I am sure that I had saved ds1.feather into feather format, as I used write_feather to save it. I do not know why open_dataset could not read the .feather file correctly...
Session_info:
> sessionInfo()
R version 4.2.2 (2022-10-31 ucrt)
Platform: x86_64-w64-mingw32/x64 (64-bit)

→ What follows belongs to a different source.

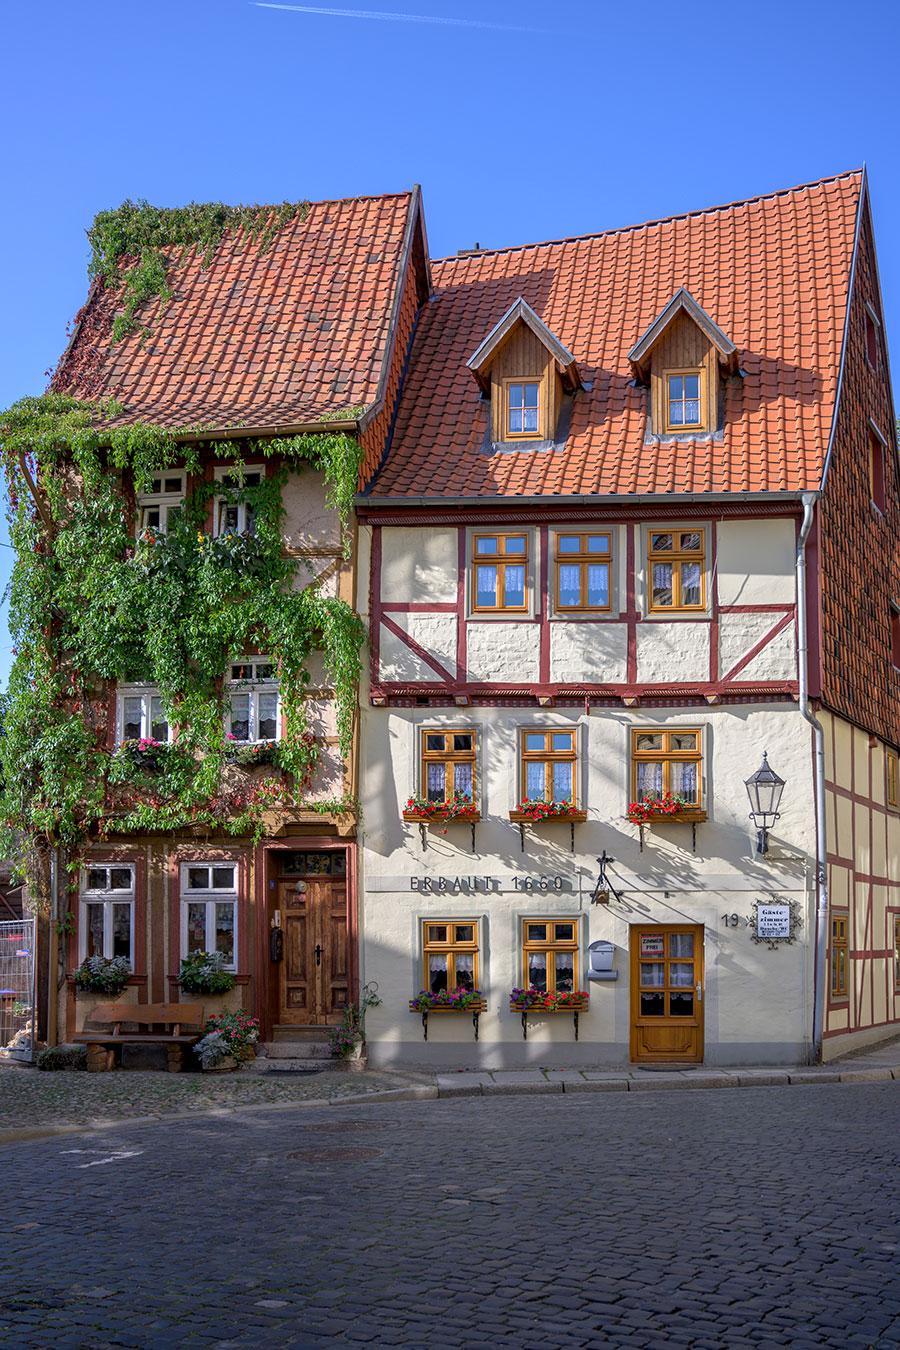 01-UNESCO-Fachwerk-190822_Quedlinburg-Foto-Alexander-Kaßner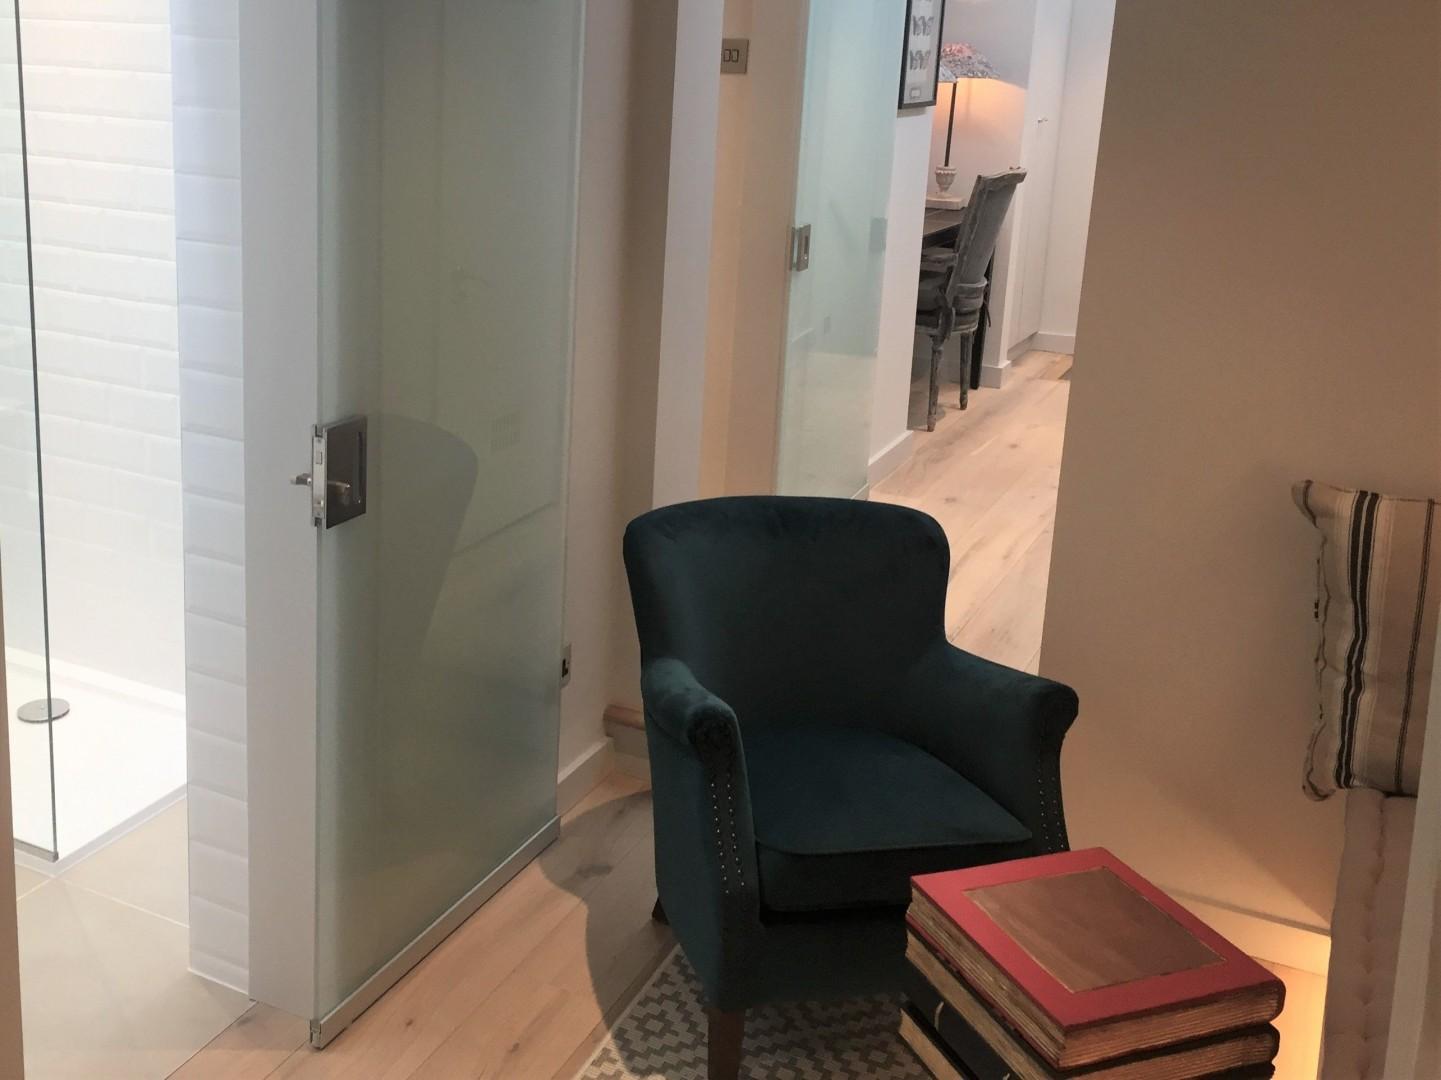 Cozy bathroom next to the sitting area

Running under: Windows 10 x64 (build 19045)
Matrix products: default
locale:
#I deleted due to privacy
attached base packages:
[1] stats graphics grDevices utils datasets methods base
other attached packages:
[1] feather_0.3.5 vctrs_0.5.2 data.table_1.14.8 arrow_11.0.0.2 magrittr_2.0.3 lubridate_1.9.2 forcats_1.0.0 stringr_1.5.0
[9] dplyr_1.1.0 purrr_1.0.1 readr_2.1.4 tidyr_1.3.0 tibble_3.1.8 ggplot2_3.4.1 tidyverse_2.0.0 readxl_1.4.2
loaded via a namespace (and not attached):
[1] Rcpp_1.0.10 santoku_0.9.0 lattice_0.20-45 assertthat_0.2.1 digest_0.6.31 utf8_1.2.3
[7] R6_2.5.1 cellranger_1.1.0 plyr_1.8.8 repr_1.1.6 extraInserts_0.0.0.9003 backports_1.4.1
[13] evaluate_0.20 pillar_1.8.1 rlang_1.0.6 rstudioapi_0.14 checkmate_2.1.0 rmarkdown_2.20
[19] htmlwidgets_1.6.1 bit_4.0.5 munsell_0.5.0 compiler_4.2.2 metR_0.13.0 janitor_2.2.0
[25] xfun_0.37 base64enc_0.1-3 pkgconfig_2.0.3 lemon_0.4.6 htmltools_0.5.4 tidyselect_1.2.0
[31] gridExtra_2.3 fansi_1.0.4 viridisLite_0.4.1 withr_2.5.0 tzdb_0.3.0 grid_4.2.2
[37] jsonlite_1.8.4 gtable_0.3.1 lifecycle_1.0.3 scales_1.2.1 zip_2.2.2 cli_3.6.0
[43] stringi_1.7.12 cachem_1.0.6 viridis_0.6.2 snakecase_0.11.0 skimr_2.1.5 ellipsis_0.3.2
[49] generics_0.1.3 openxlsx_4.2.5.2 ggeasy_0.1.3 tools_4.2.2 bit64_4.0.5 glue_1.6.2
[55] hms_1.1.2 fastmap_1.1.0 yaml_2.3.7 timechange_0.2.0 colorspace_2.1-0 memoise_2.0.1
The version of arrow that I used:
> arrow::arrow_info()
Arrow package version: 11.0.0.2
Capabilities:
dataset TRUE
substrait FALSE
parquet TRUE
json TRUE
s3 TRUE
gcs TRUE
utf8proc TRUE
re2 TRUE
snappy TRUE
gzip TRUE
brotli TRUE
zstd TRUE
lz4 TRUE
lz4_frame TRUE
lzo FALSE
bz2 TRUE
jemalloc FALSE
mimalloc TRUE
Arrow options():
arrow.use_threads FALSE
Memory:
Allocator mimalloc
Current 8.21 Gb
Max 11.12 Gb
Runtime:
SIMD Level avx512
Detected SIMD Level avx512
Build:
C++ Library Version 11.0.0
C++ Compiler GNU
C++ Compiler Version 10.3.0
Git ID 58286965ec6974f700ff9fe3f7dcbe56095878d7
The size of these feather files are 4gb and 1gb.